Data extract ▸
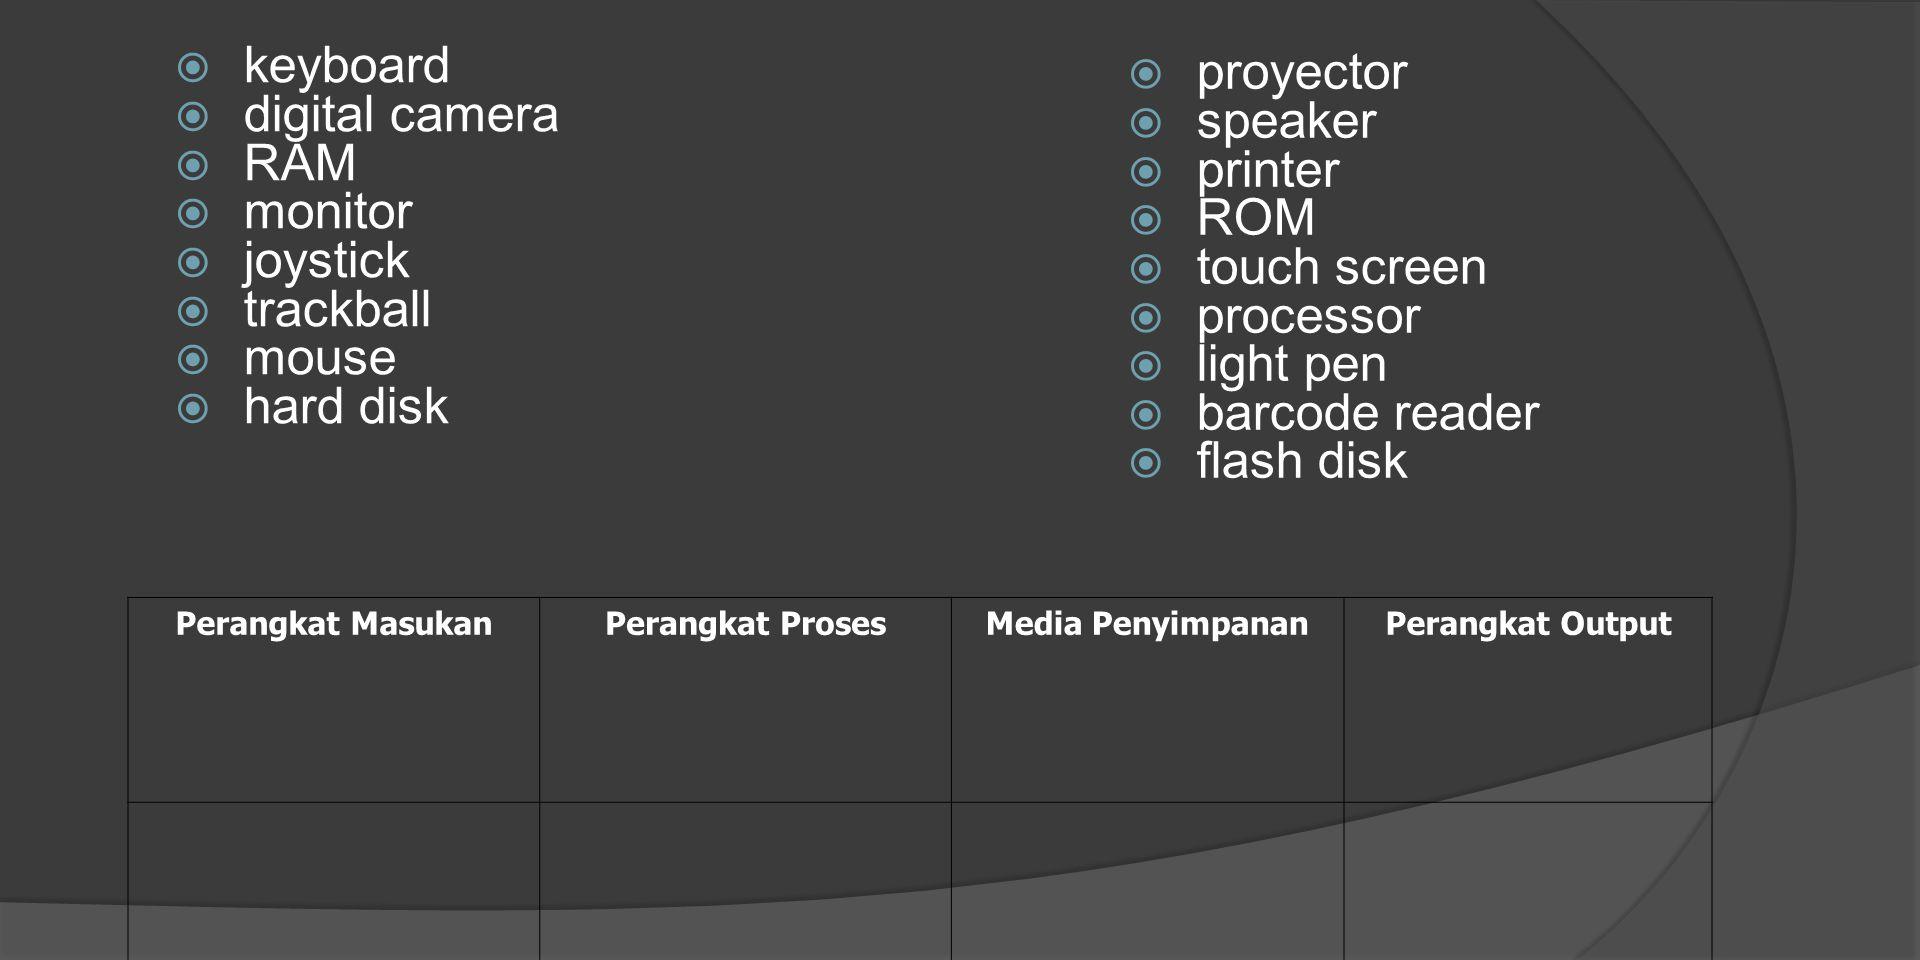  keyboard  digital camera  RAM  monitor  joystick  trackball  mouse  hard disk  proyector  speaker  printer  ROM  touch screen  processo
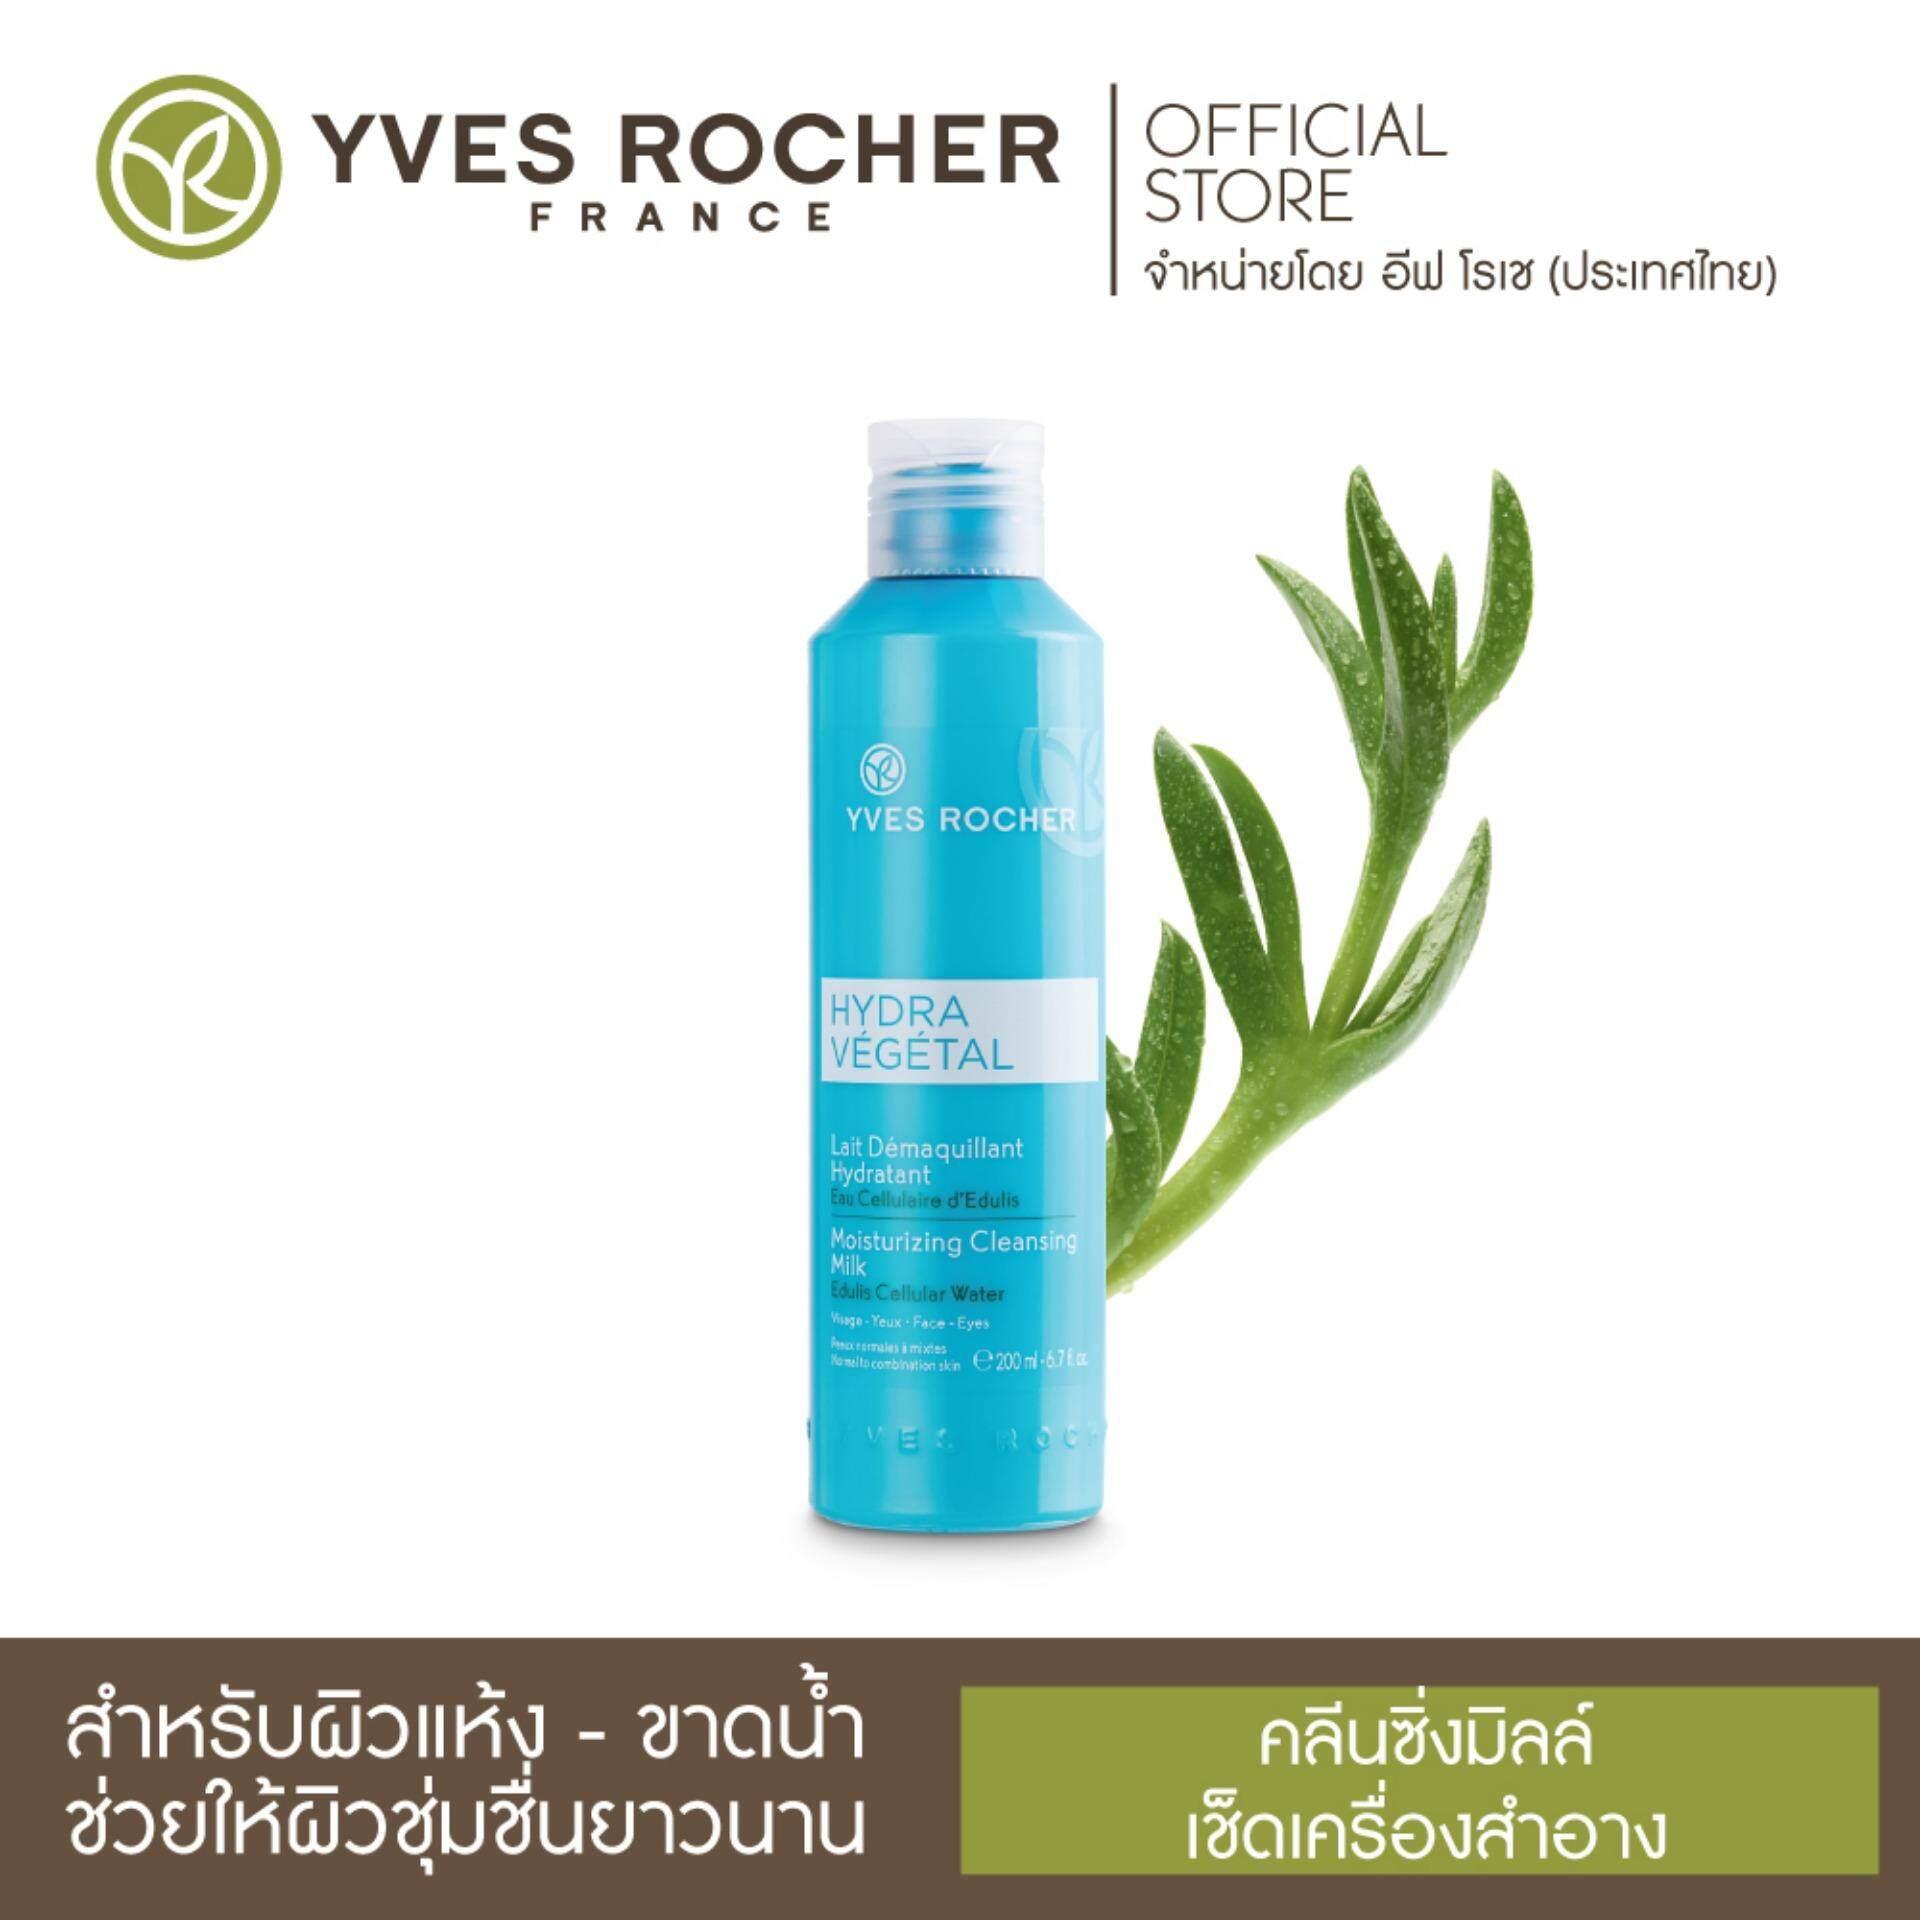 Yves Rocher Hydra Vegetal Moisturizing Cleansing Milk 200ml
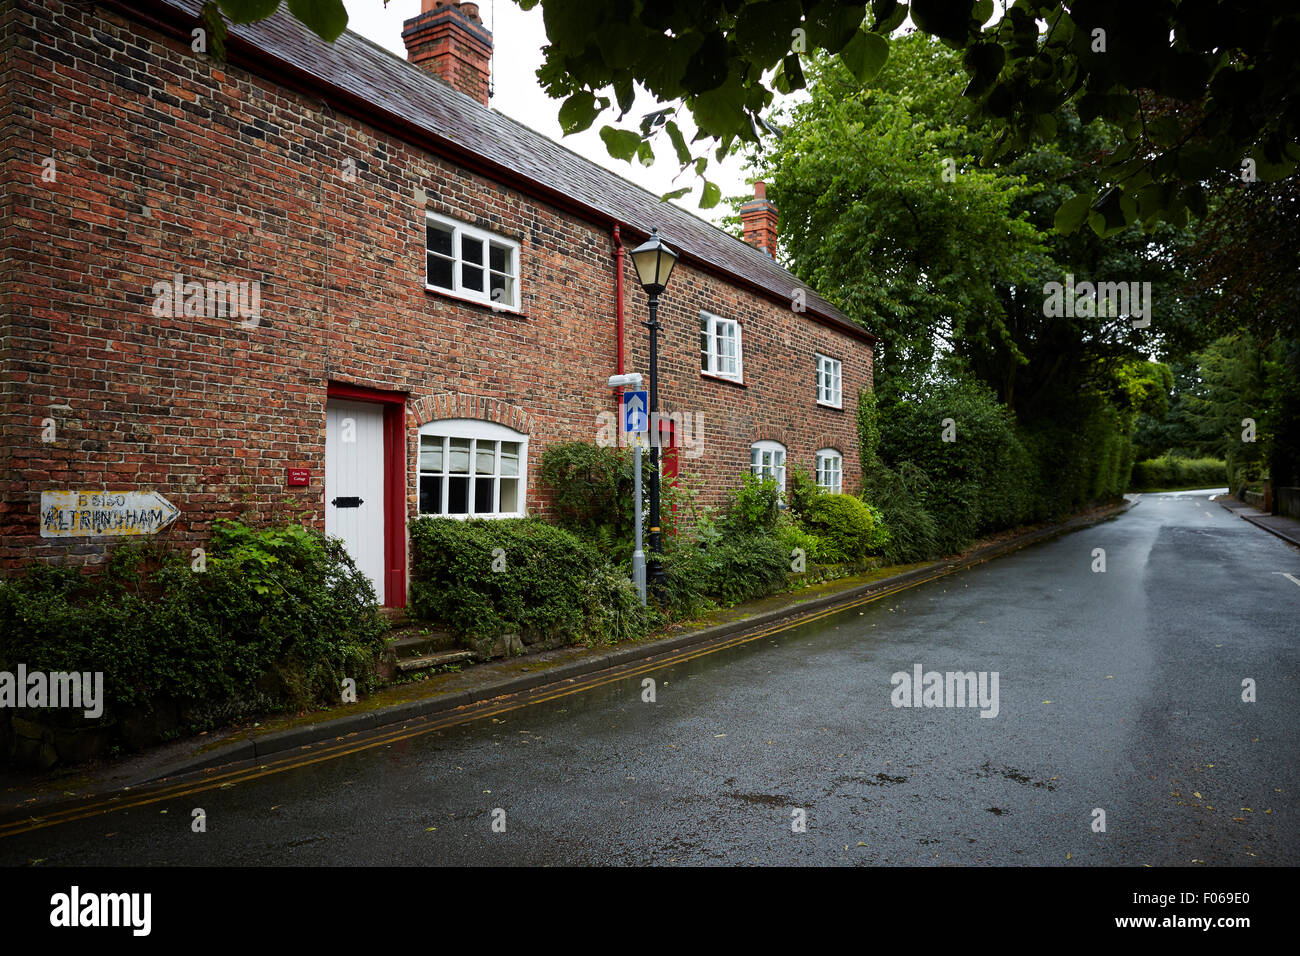 Dunham Massey Village  nr Altrincham  UK Great Britain British United Kingdom Europe European island England English - Stock Image

Problem ▸
Leaving the pictures aside, repeat the data above exactly.

Exercise solution ▸
  keyboard  digital camera  RAM  monitor  joystick  trackball  mouse  hard disk  proyector  speaker  printer  ROM  touch screen  processo
 Yves Rocher Hydra Vegetal Moisturizing Cleansing Milk 200ml
 Dunham Massey Village  nr Altrincham  UK Great Britain British United Kingdom Europe European island England English - Stock Image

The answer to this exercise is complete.